You are viewing a plain text version of this content. The canonical link for it is here.
Posted to issues@spark.apache.org by "peay (JIRA)" <ji...@apache.org> on 2016/11/16 20:07:58 UTC
[jira] [Created] (SPARK-18473) Correctness issue in INNER join result with window functions

peay created SPARK-18473:
----------------------------

             Summary: Correctness issue in INNER join result with window functions
                 Key: SPARK-18473
                 URL: https://issues.apache.org/jira/browse/SPARK-18473
             Project: Spark
          Issue Type: Bug
          Components: PySpark, Spark Core, SQL
    Affects Versions: 2.0.1
            Reporter: peay


I have stumbled onto a corner case where an INNER join appears to return incorrect results.
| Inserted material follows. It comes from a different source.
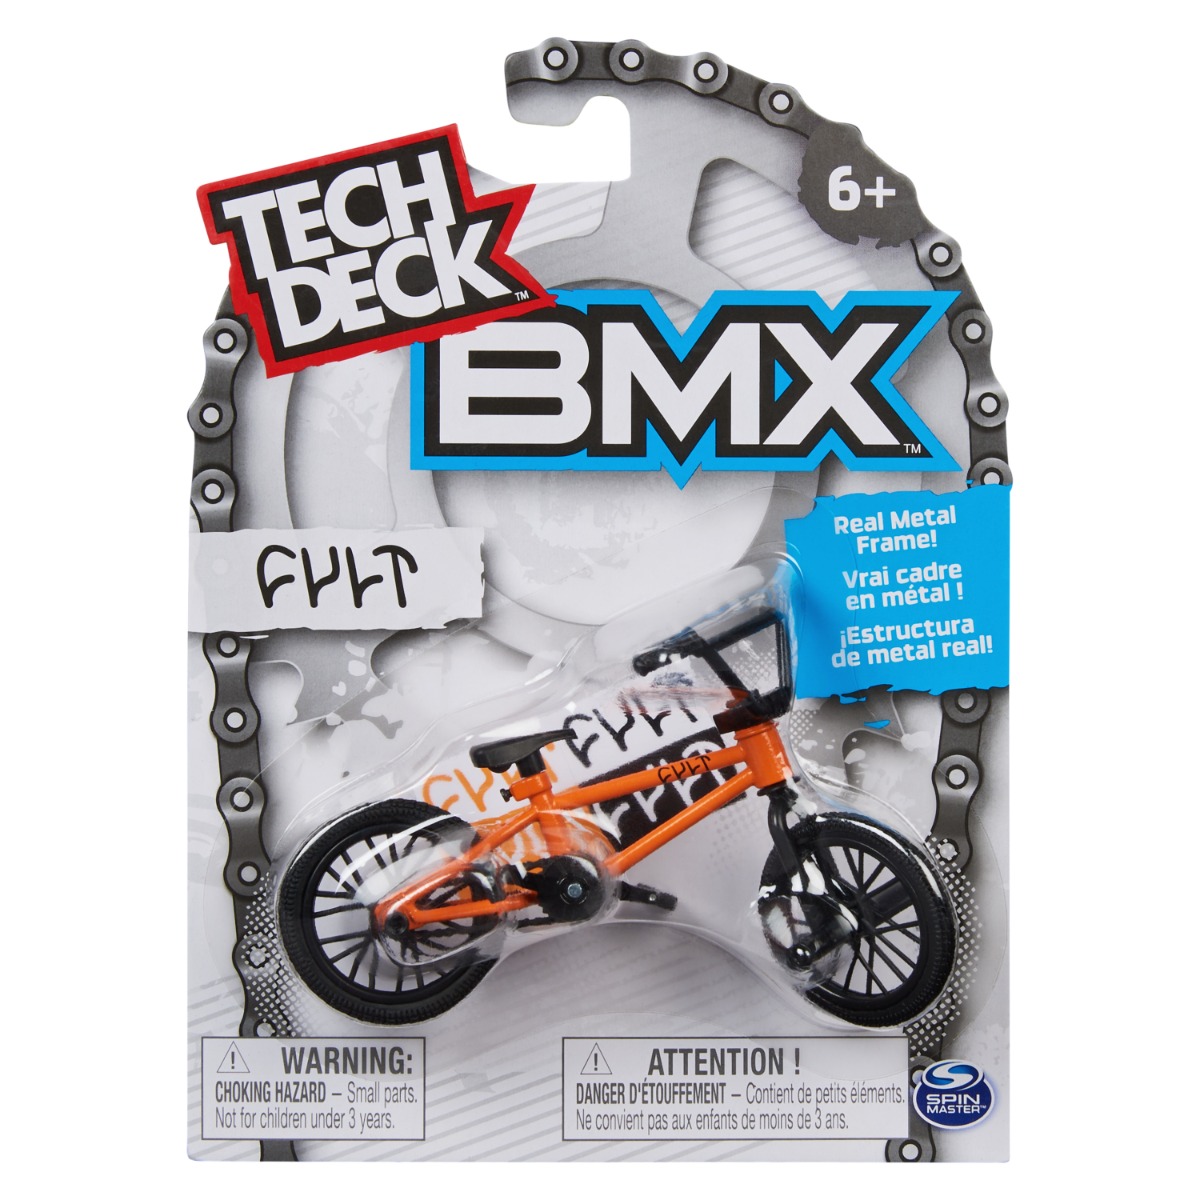 Mini BMX bike, Tech Deck, Cult, 20140828 20140828 imagine 2022 protejamcopilaria.ro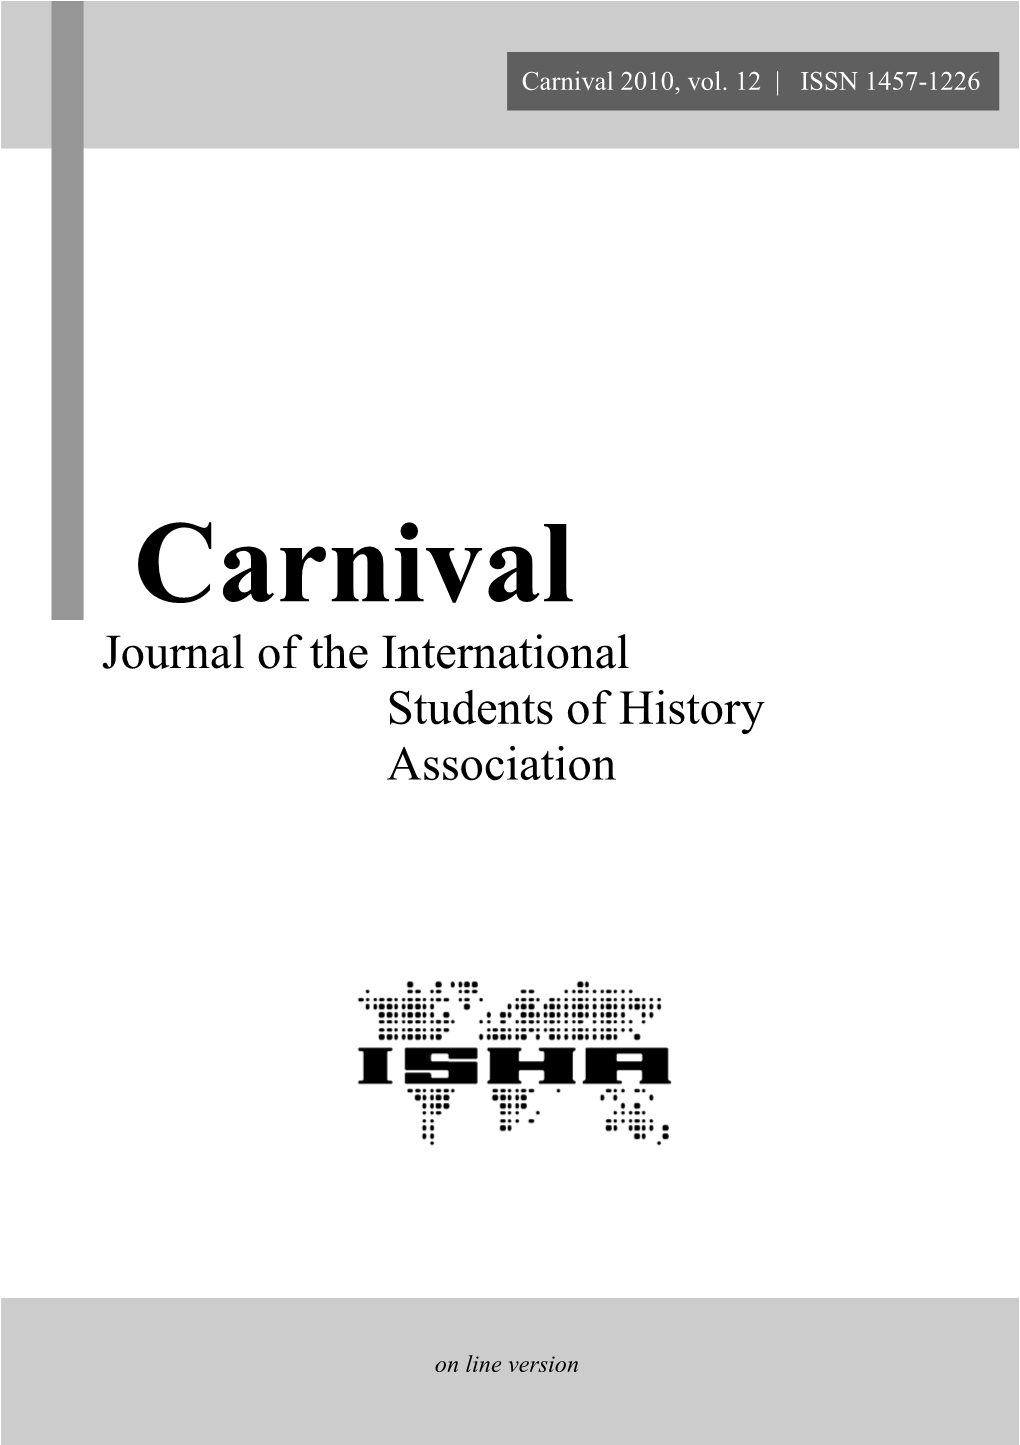 Carnival 2010 Online Version

I believe the join should behave as the identity, but instead, some values are shuffled around, and some are just plain wrong.

This can be reproduced as follows: joining

{code}
+-----+---------+------+--------+--------+----------+------+
|index|timeStamp|hasOne|hasFifty|oneCount|fiftyCount|sessId|
+-----+---------+------+--------+--------+----------+------+
|    1|        1|     1|       0|       1|         0|     1|
|    2|        2|     0|       0|       1|         0|     1|
|    1|        3|     1|       0|       2|         0|     2|
+-----+---------+------+--------+--------+----------+------+
{code}

with

{code}
+------+
|sessId|
+------+
|     1|
|     2|
+------+
{code}

The result is

{code}
+------+-----+---------+------+--------+--------+----------+
|sessId|index|timeStamp|hasOne|hasFifty|oneCount|fiftyCount|
+------+-----+---------+------+--------+--------+----------+
|     1|    2|        2|     0|       0|       1|         0|
|     2|    1|        1|     1|       0|       1|        -1|
|     2|    1|        3|     1|       0|       2|         0|
+------+-----+---------+------+--------+--------+----------+
{code}

Note how rows have a sessId of 2 (instead of one row as expected), and how `fiftyCount` can now be negative while always zero in the original dataframe.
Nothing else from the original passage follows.